Usually it is possible to differentiate between primary and secondary centres of diversity if thorough biosystematic investigations have been carried out. Thus the grass genus Vulpia has its primary centre of diversity in the western Mediterranean, with secondary centres in temperate North and South America and in south-western Asia. The diversification in the latter areas is based on only one of the five sections of the genus found in the western Mediterranean and, moreover, there are higher proportions of polyploid taxa in the secondary areas than in the primary one.

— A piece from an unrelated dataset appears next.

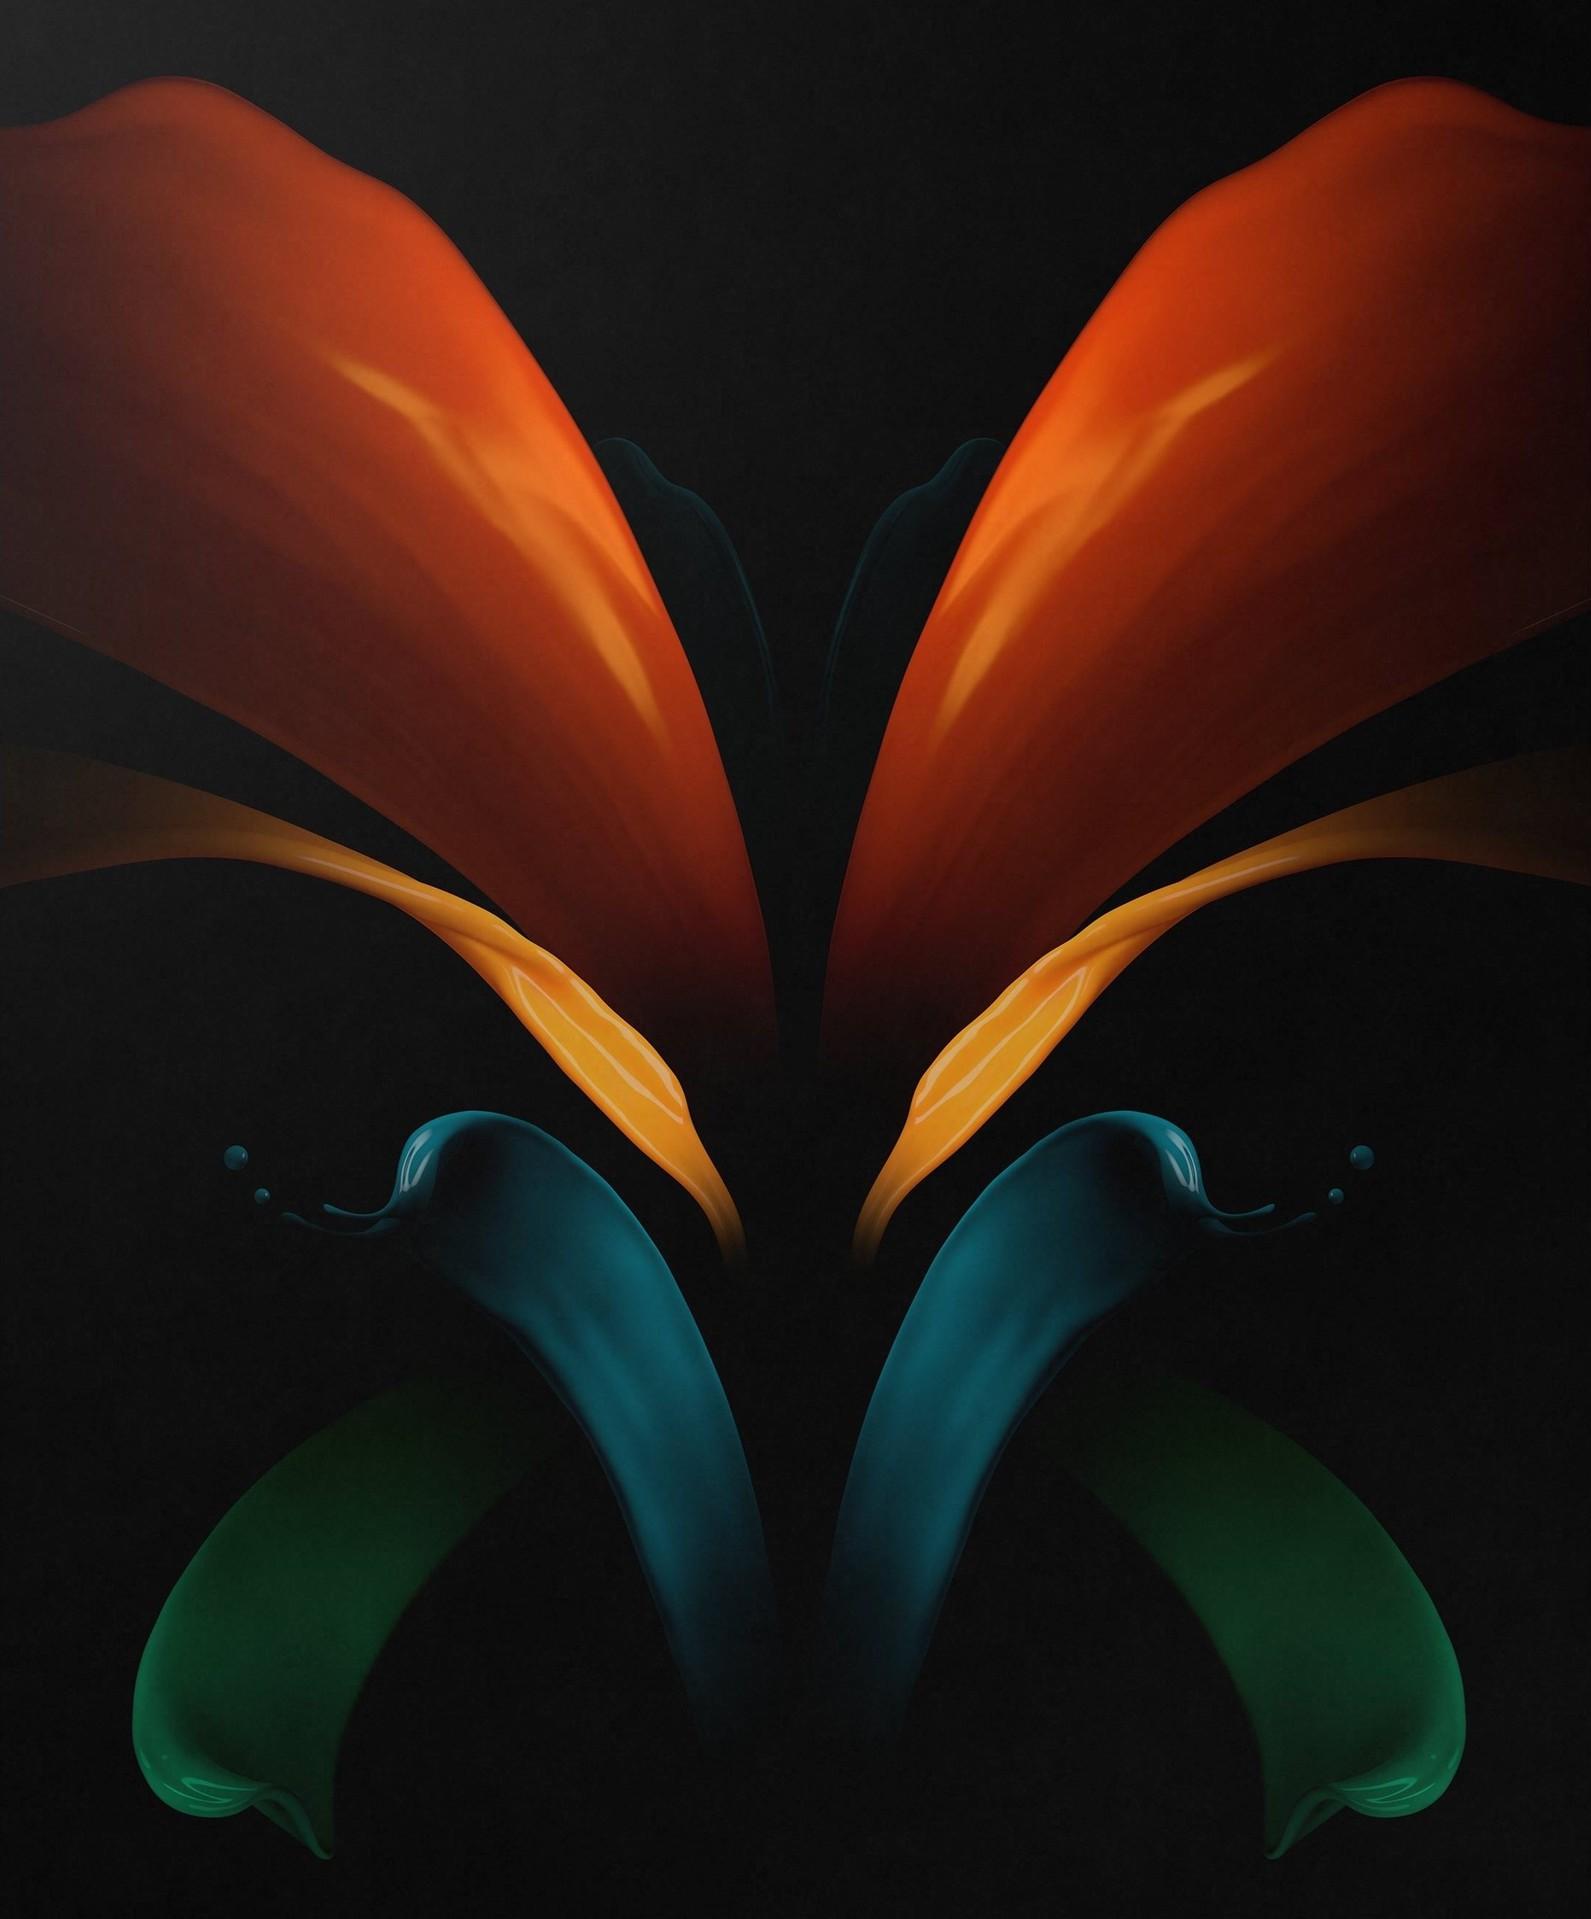 Here Are The Samsung Galaxy Z Fold Wallpaper Android Authority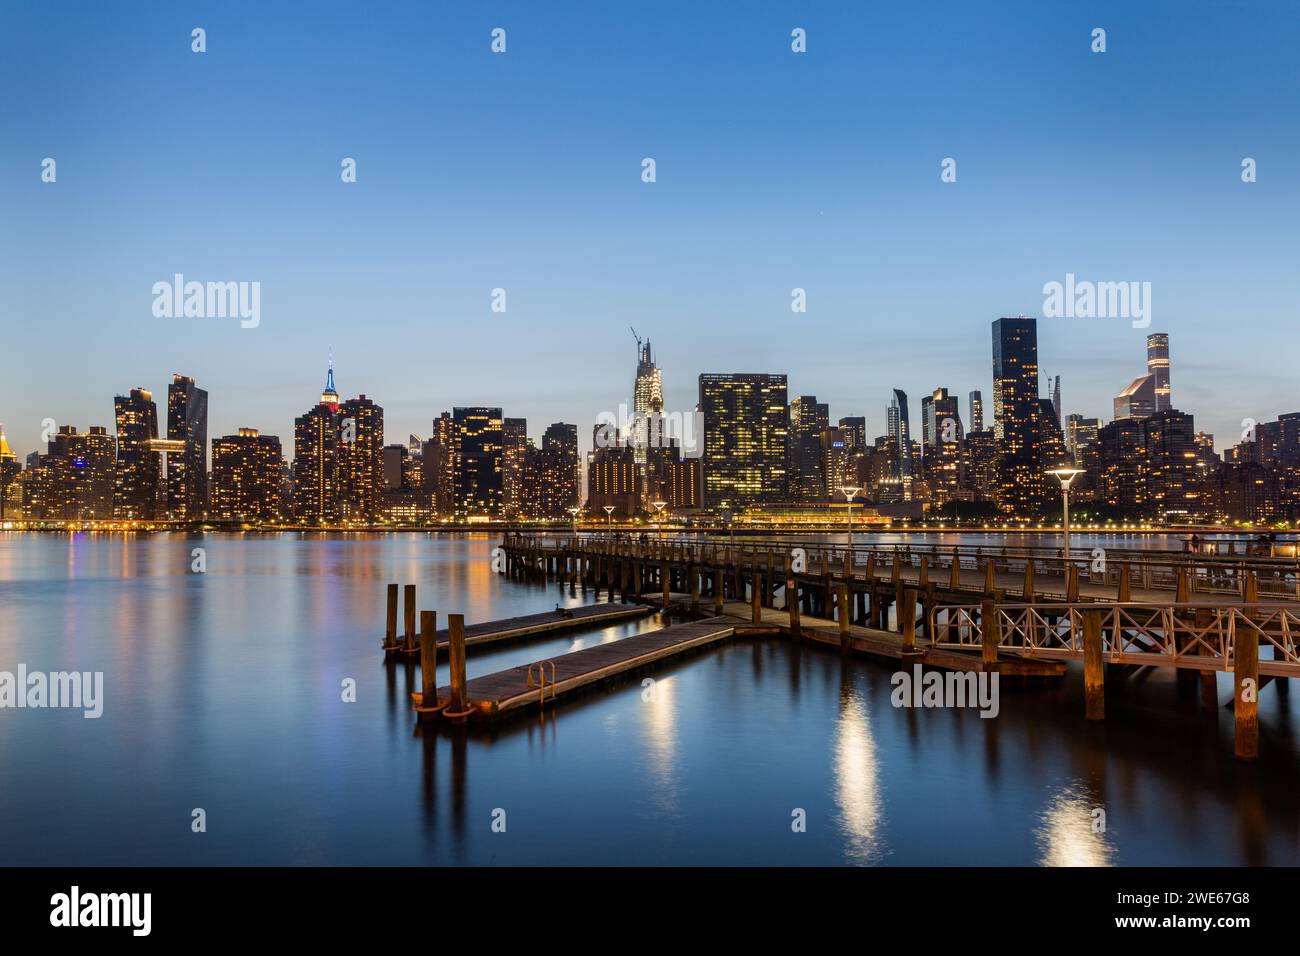 A midtown Manhattan and East River view from Long Island city at dusk long exposure Stock Photo

This decrease in variability, i.e. in the number of biotypes, away from the centre of diversity is known as biotype depletion, which, as intimated above, can be used to investigate pathways of migration. Bocher41 found that
Ranunculus glacialis, an arctic-alpine species, is far richer in biotypes in the
Alps than in the arctic. This diminution might have originated either during a northwards migration after glaciation or from a greater loss of biotypes in the north during perglacial survival. Biotype depletion is also one possible explanation for the observation that species frequently appear to be far more demanding ecologically near the edge of their geographical range than in the centre of it. In Europe this is very often manifested by the northern botanist finding that species which are confined to particular habitats in his own country are far less so restricted in southern Europe.
The concept of centres of genetic diversity (and, even more, centres of origin) has been strongly criticized in recent years by vicariance biogeographers,76 who prefer to think in terms of the ‘generalized track’ of a taxon differentiating allopatrically in different regions. Almost certainly, this is a better model than a centre of origin in some instances, a less good one in others, and in yet further cases something between the two is most accurate. As intimated earlier, a centre of origin is a more valid concept in the case of younger taxa (and hence usually at the lower levels of the hierarchy),
particularly where differentiation has occurred more recently than any known vicariance events. The evolution of modern cereals is a good example.